Heh, I'm actually scheduled for an interview in August.


----------



## cruiseforever (Jul 1, 2017)

BossmanGifford said:


> Heh, I'm actually scheduled for an interview in August.



I hope you do well.  They are having a lot of retirements in the last couple of years.  Are you doing it in person or online?


----------



## BossmanGifford (Jul 1, 2017)

cruiseforever said:


> I hope you do well.  They are having a lot of retirements in the last couple of years.  Are you doing it in person or online?


I'm doing it in person. If you're on the interviewing board, you'll probably find I'm the only Texan there. It looks like a great agency and with retirements like that, it sounds like a great place to be. Do you work there currently?

Sent from my Pixel using Tapatalk


----------



## NomadicMedic (Jul 1, 2017)

I had a phone interview and was invited out, but declined. My wife decided that the practice that was courting her, while nice, was in a part of the country that was too damn cold. A bit disappointing, I like what they're doing there.


----------



## BossmanGifford (Jul 1, 2017)

NomadicMedic said:


> I had a phone interview and was invited out, but declined. My wife decided that the practice that was courting her, while nice, was in a part of the country that was too damn cold. A bit disappointing, I like what they're doing there.

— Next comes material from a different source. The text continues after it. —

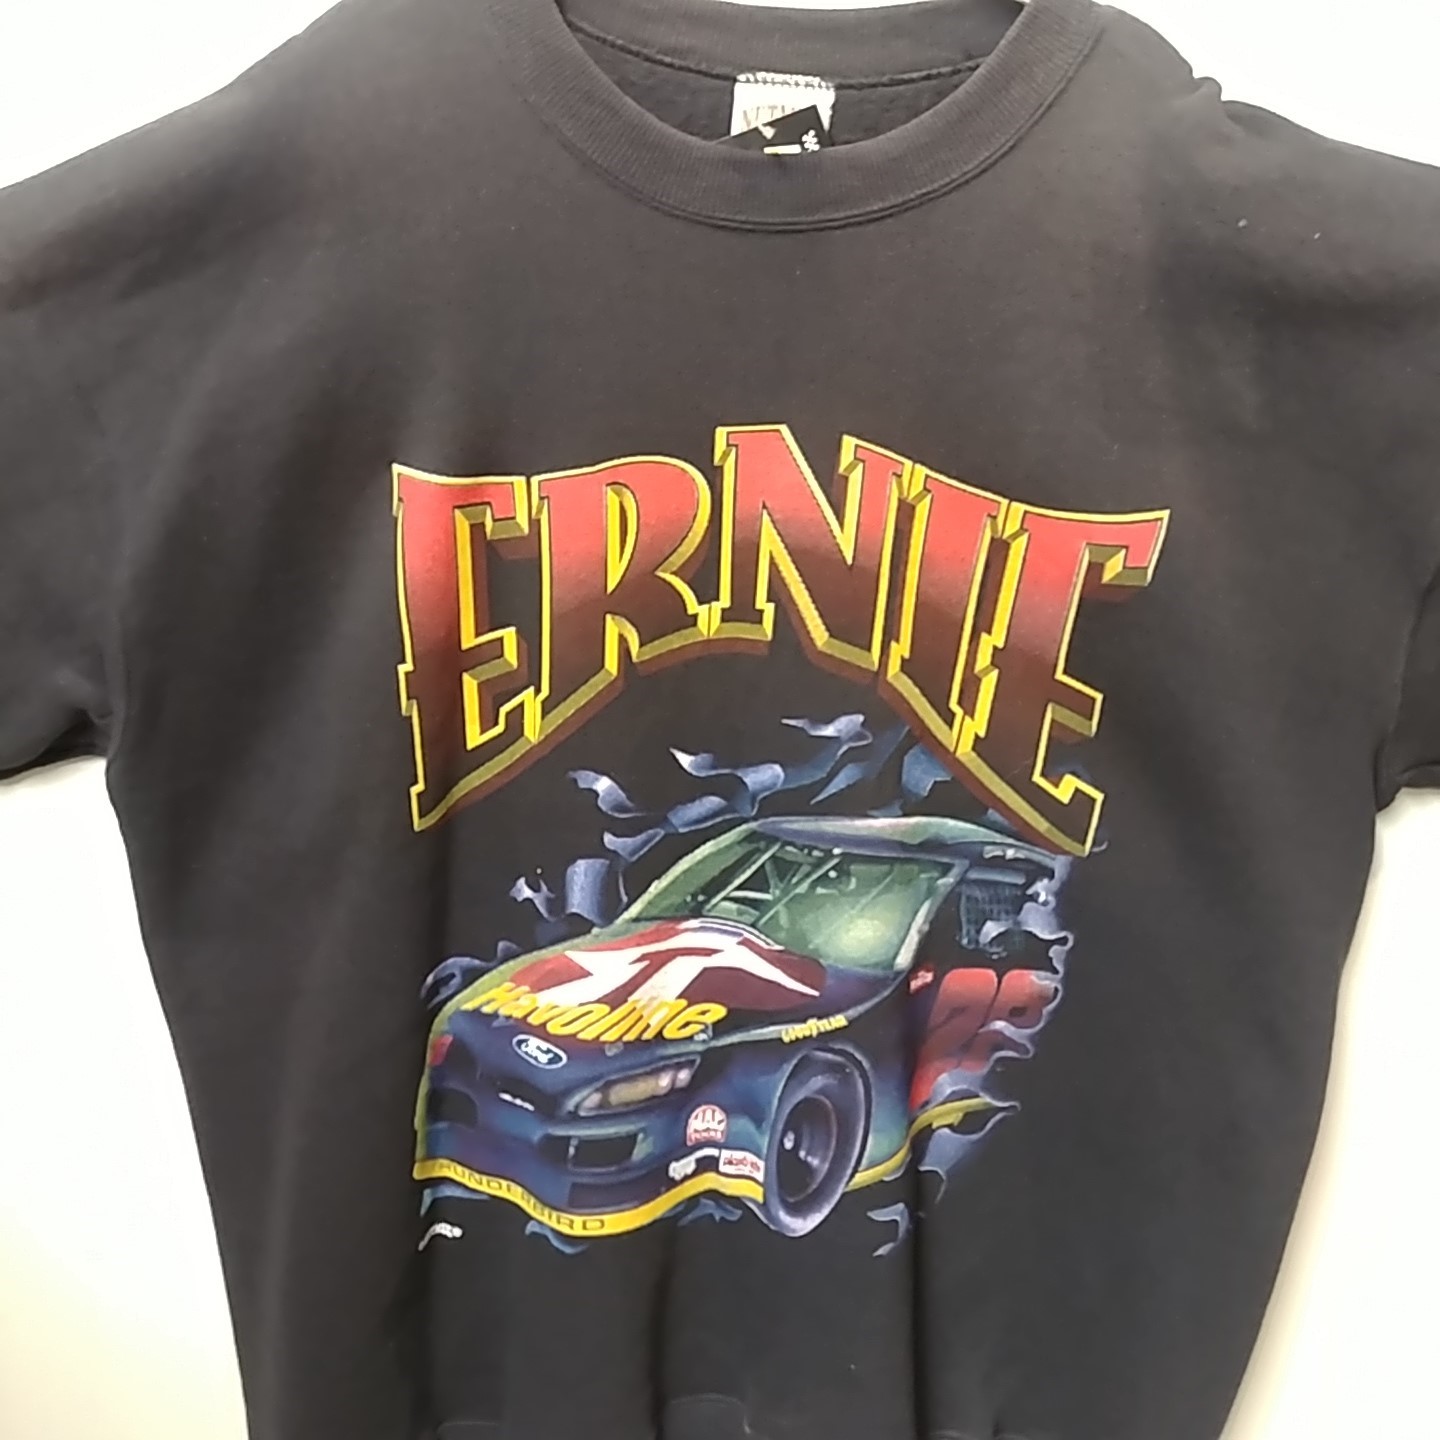 1996 Ernie Irvan Havoline sweatshirt

She isn't wrong. I just don't want to work 24s or be a basic for a year at ATCEMS or longer so I can practice at an okay scope (I live in Austin). I made a list of agencies to apply at if I couldn't get hired at a few select agencies around here where I would tolerate 24s. I wanted somewhere that worked shifts not as long as 24s, with a pension, good pay, and top of the line equipment. Hennepin was just at the top of the list.

For me, the weather will suck, but the job and the respect I would get for myself not working IFT at a dead end gig would outweigh it. I'll get used to the cold. 

Sent from my Pixel using Tapatalk


----------



## NomadicMedic (Jul 1, 2017)

You didn't look at Sussex County DE?


----------



## BossmanGifford (Jul 1, 2017)

NomadicMedic said:


> You didn't look at Sussex County DE?


Nah, they're on the list though. After HCMC, it's a toss up if I apply at SCEMS or DG in Denver.

The schedule of two 12s in the day, 2 at night sucks **** though. I want a normal sleep schedule.

Sent from my Pixel using Tapatalk


----------



## NomadicMedic (Jul 1, 2017)

Sussex is the job all others are judged against. Once you run double medic on an intercept truck, you never want to go back to an ambulance.


----------



## BossmanGifford (Jul 1, 2017)

NomadicMedic said:


> Sussex is the job all others are judged against. Once you run double medic on an intercept truck, you never want to go back to an ambulance.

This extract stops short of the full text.